Trawlr

Trawlr is an open-source self-hosted data collection platform for Telegram data archival and analysis. Monitor multiple Telegram accounts, archive messages and media, track users and generate reports from a single web app.

Features

Multi-Account Management - Connect and manage multiple Telegram accounts with 2FA support, session storage, and per-account download concurrency limits
Real-Time Monitoring - Long-lived Telegram connections capture messages, edits, and deletions as they happen
Message Archiving - Full message history scanning with edit tracking, deletion detection and album grouping
Entity Extraction - Automatically extract URLs, mentions, hashtags, emails, phone numbers, and code blocks from messages
Entity Notifications - Watch for and notify on detected entities (URL, domain, hashtag, @mention, phone, etc) in message. Configure either a webhook (HMAC-signed) or RabbitMQ queue as the notification sink.
User OSINT - Track users across channels with profile data, group memberships, activity metrics, and username history
Download Queue - Priority-based download system with concurrent slots, progress tracking, automatic retries, and SHA256 deduplication via hardlinks
Full-Text Search - PostgreSQL-powered search with boolean operators, field filters, date ranges, phrase matching, and CSV export
Analytics & Reports - Content trends, user intelligence, source analytics, and investigation dashboards with export capabilities
REST API - Full API with OpenAPI/Swagger documentation, token authentication, and filtering
Real-Time UI - WebSocket-powered live updates, download progress streaming, and HTMX-driven dynamic pages

Architecture

Each service is its own container.

Service	Role
web	Django + Daphne ASGI server
downloader	Downloads items that are sent to the queue for processing
concierge	History scans and member scans (single threaded)
processor	Processes incoming Telegram events from listener
notifier	Delivers entity-notification matches to user-configured webhooks or RabbitMQ queues
listener	Maintains persistent Telegram connections, publishes events to RabbitMQ
scheduler	APScheduler - triggers periodic tasks (sync, stats, recovery)
nginx	Reverse proxy for serving media through the file manager. Optional otherwise
db	PostgreSQL 18
rabbitmq	Message broker for task queues and event pub/sub

Tech Stack

Backend: Django, Django REST Framework, Django Channels, Daphne
Task Queue: Dramatiq + RabbitMQ
Telegram: Telethon
Database: PostgreSQL with full-text search (GIN indexes)
Frontend: Django Templates, HTMX, Bootstrap
Infrastructure: Docker, Docker Compose, Nginx

Installation

See INSTALL.md for full setup instructions. Two paths are supported:

Pre-built containers — pull from ghcr.io/trawlr/trawlr (recommended)
Build from source — clone and docker compose -f docker-compose-dev.yml up -d --build

Configuration

All configuration is done through environment variables.
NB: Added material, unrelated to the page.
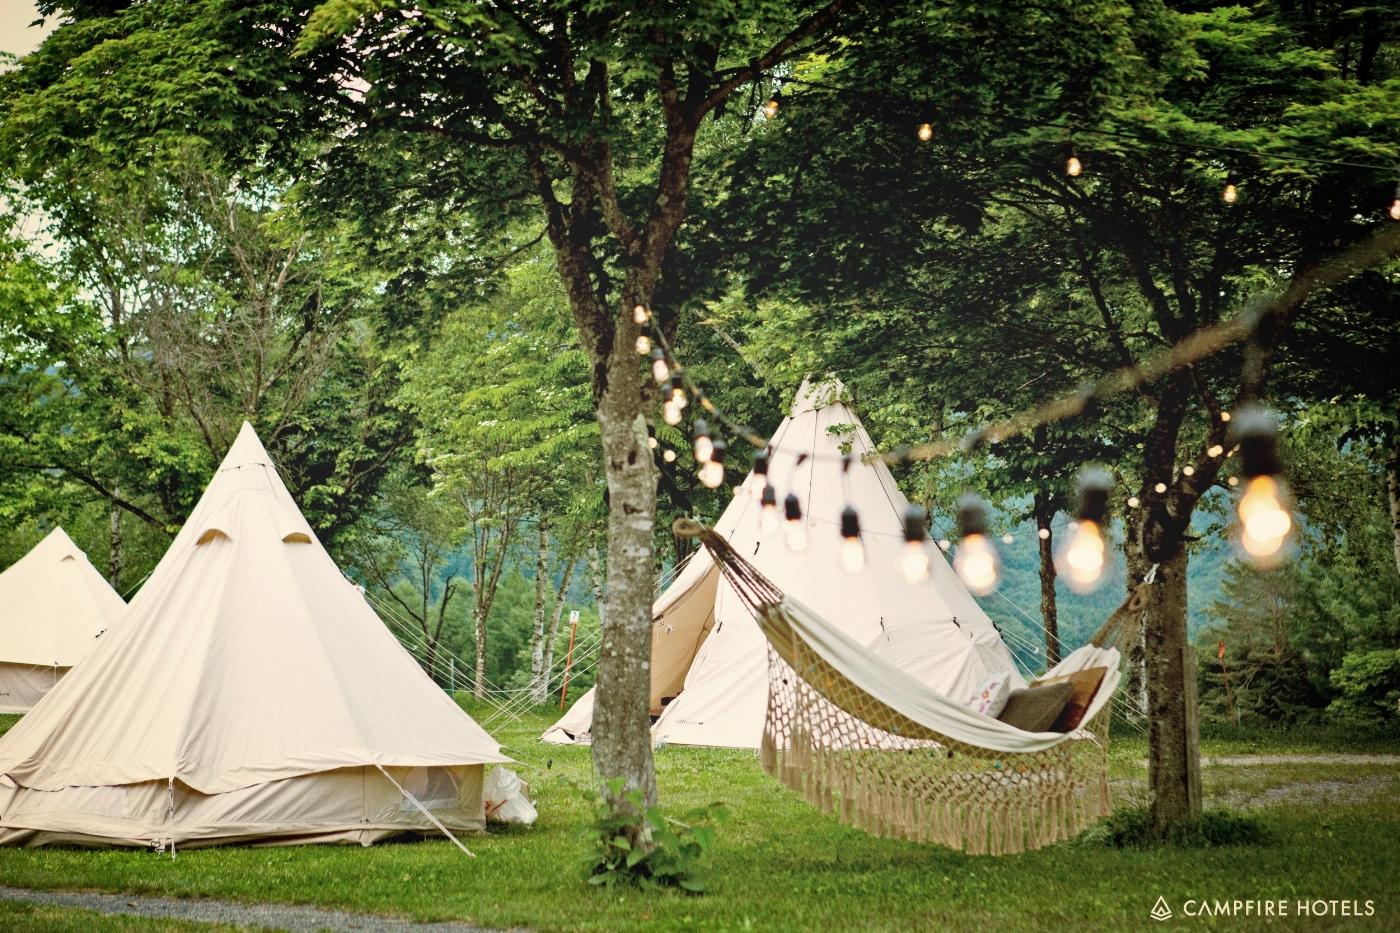 02 - グランピングテント カジュアルセットデザイン性を維持しつつ、テント内の家具をシンプルにしたお手軽なセットです。テント内が広く利用でき、パーティーや撮影等におすすめです。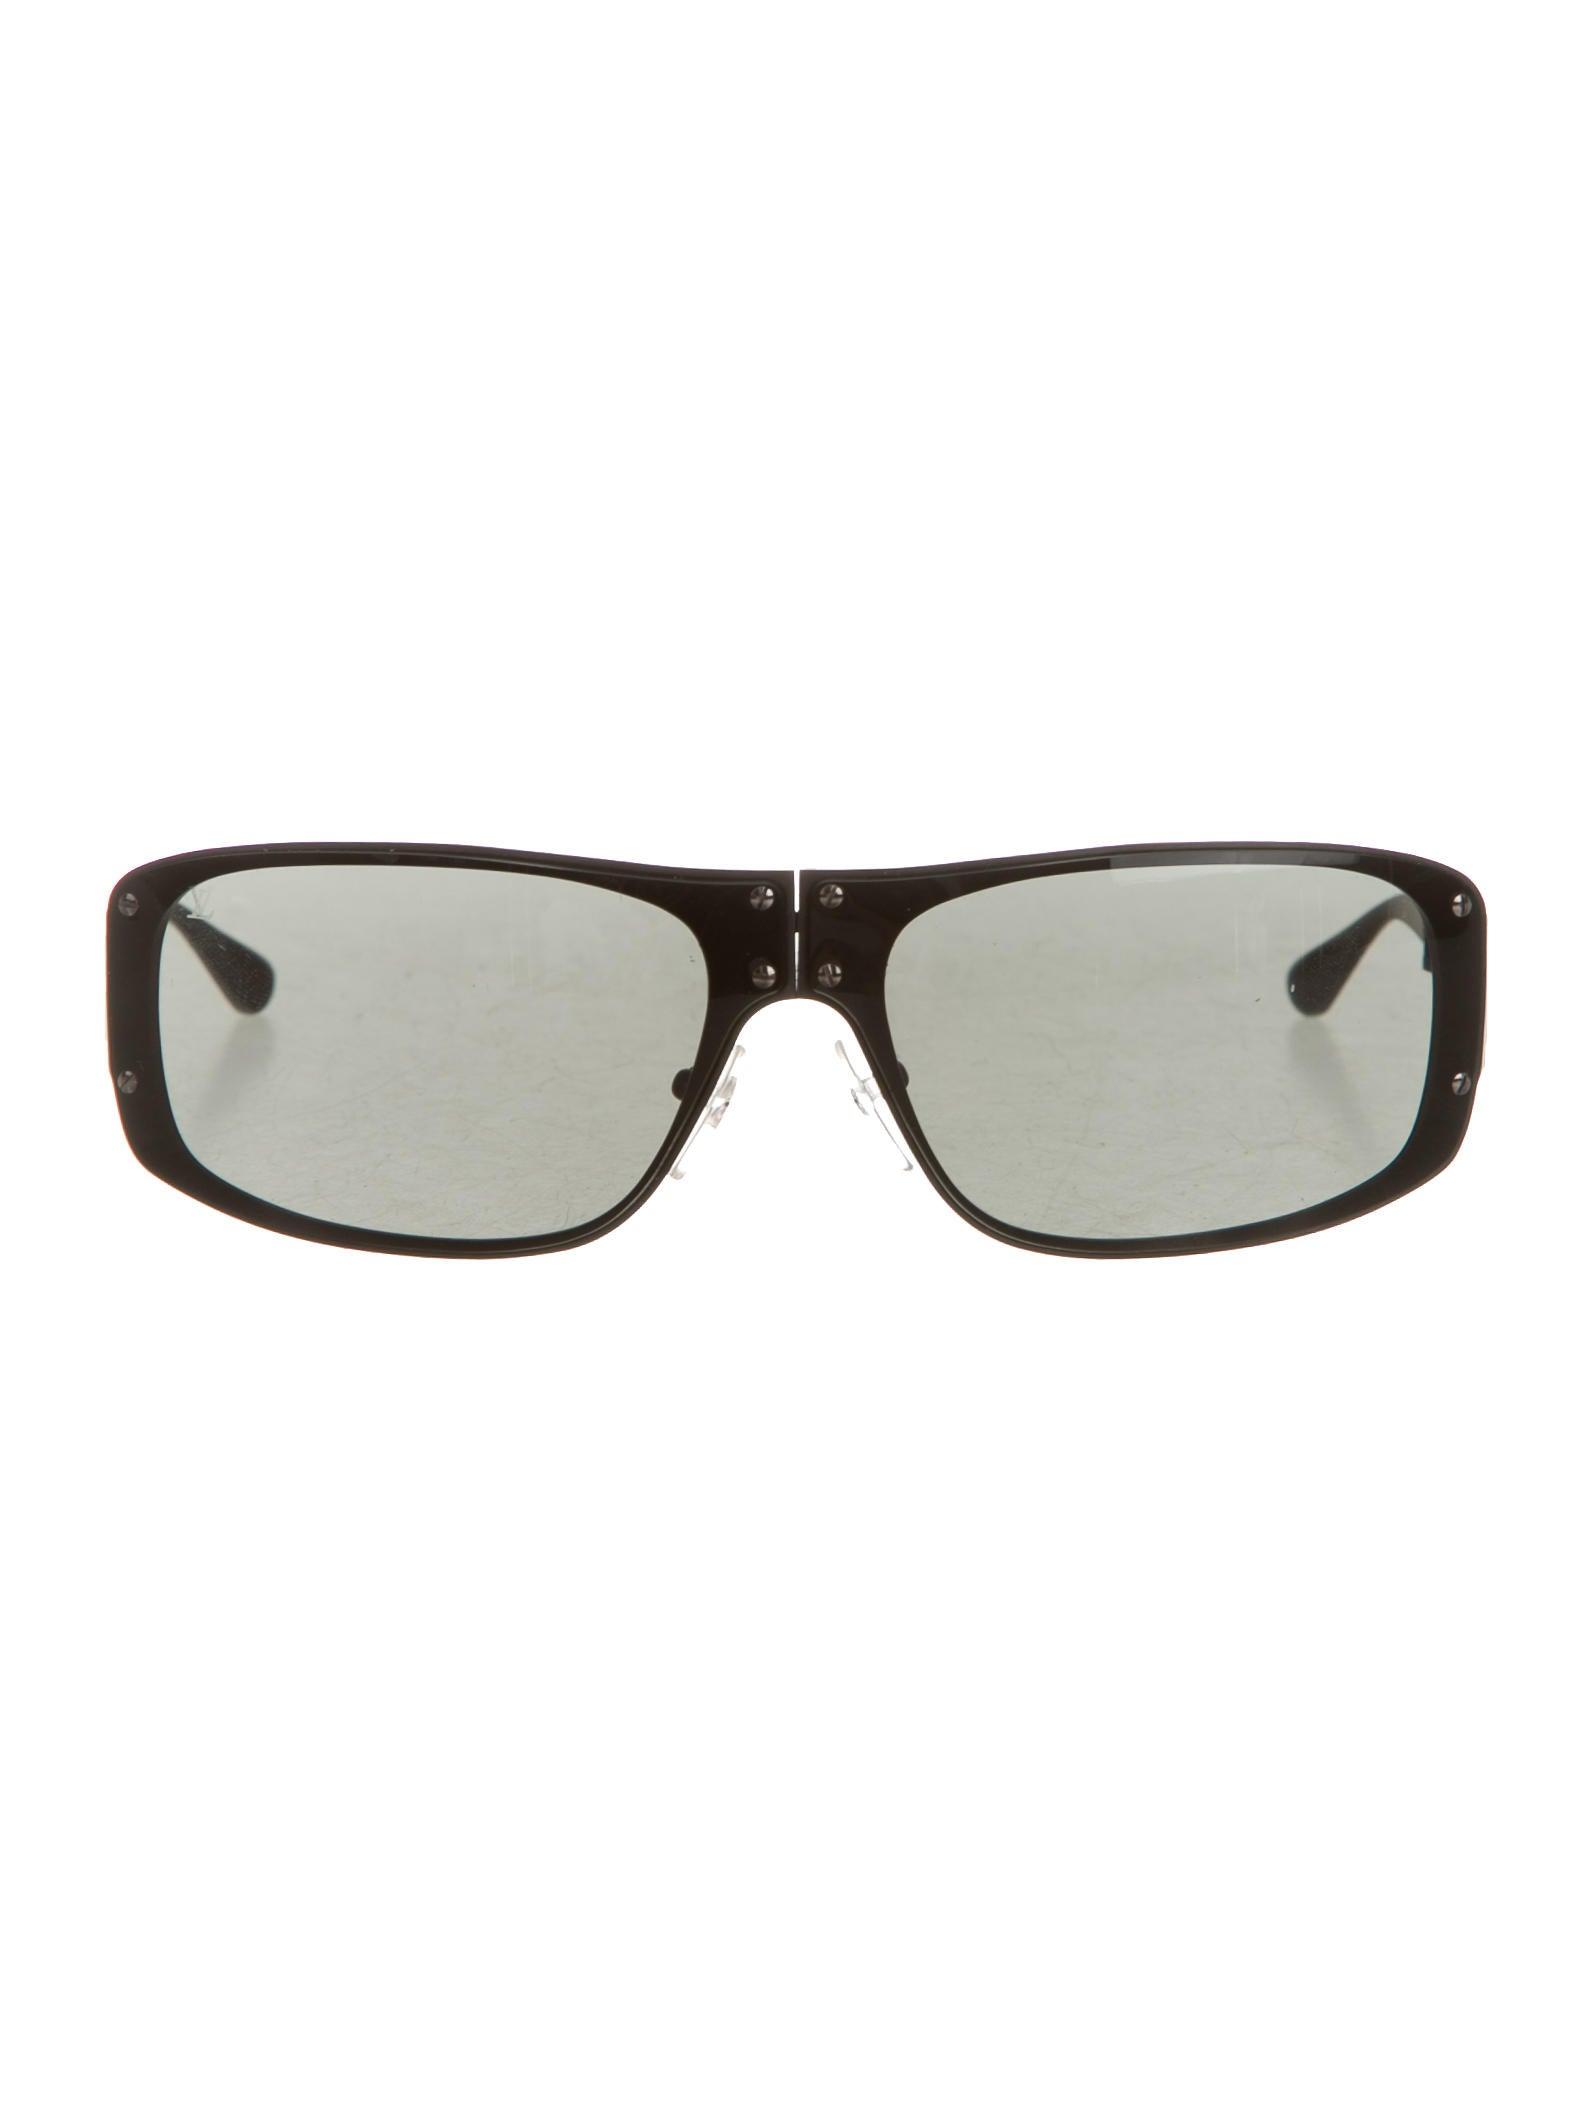 58de1c4fdadd Louis Vuitton Folding Evasion Sunglasses - Accessories - LOU86220 ...

See .env.example for the full list.

Variable	Description
`SECRET_KEY`	Django secret key
`POSTGRES_PASSWORD`	Database password
`RABBITMQ_DEFAULT_USER` / `RABBITMQ_DEFAULT_PASS`	RabbitMQ credentials
`RABBITMQ_URL`	AMQP connection string
`TRAWLR_STORAGE_ROOT`	Path for downloaded media (default: `/data/trawlr`)
`ALLOWED_HOSTS`	Comma-separated list of allowed hostnames
`DEBUG`	Set to `False` in production
`SECURE_SSL_REDIRECT`	Set to `True` when using HTTPS

Scheduler intervals, event processing settings, download concurrency, and other runtime options are configurable through Global Settings in the web UI.

Deployment

File	Use Case
`docker-compose.prod.yml`	Production deployment using pre-built container images
`docker-compose-dev.yml`	Local development (builds from source)
`docker-compose.dokploy.yml`	Dokploy cloud deployment for advanced users

Container images are automatically built and pushed to ghcr.io/trawlr/trawlr with semantic versioning based on commit prefixes (fix:, feat:, major:).

Getting Started

Once Trawlr is deployed and reachable in a browser, work through the steps below to onboard your first data source and start collecting.

1. Create the admin user

If you didn't bootstrap a superuser during install, exec into the web container and run:

docker compose exec web python manage.py createsuperuser

Log in at / with those credentials. The first user is also used to own Telegram accounts you connect below.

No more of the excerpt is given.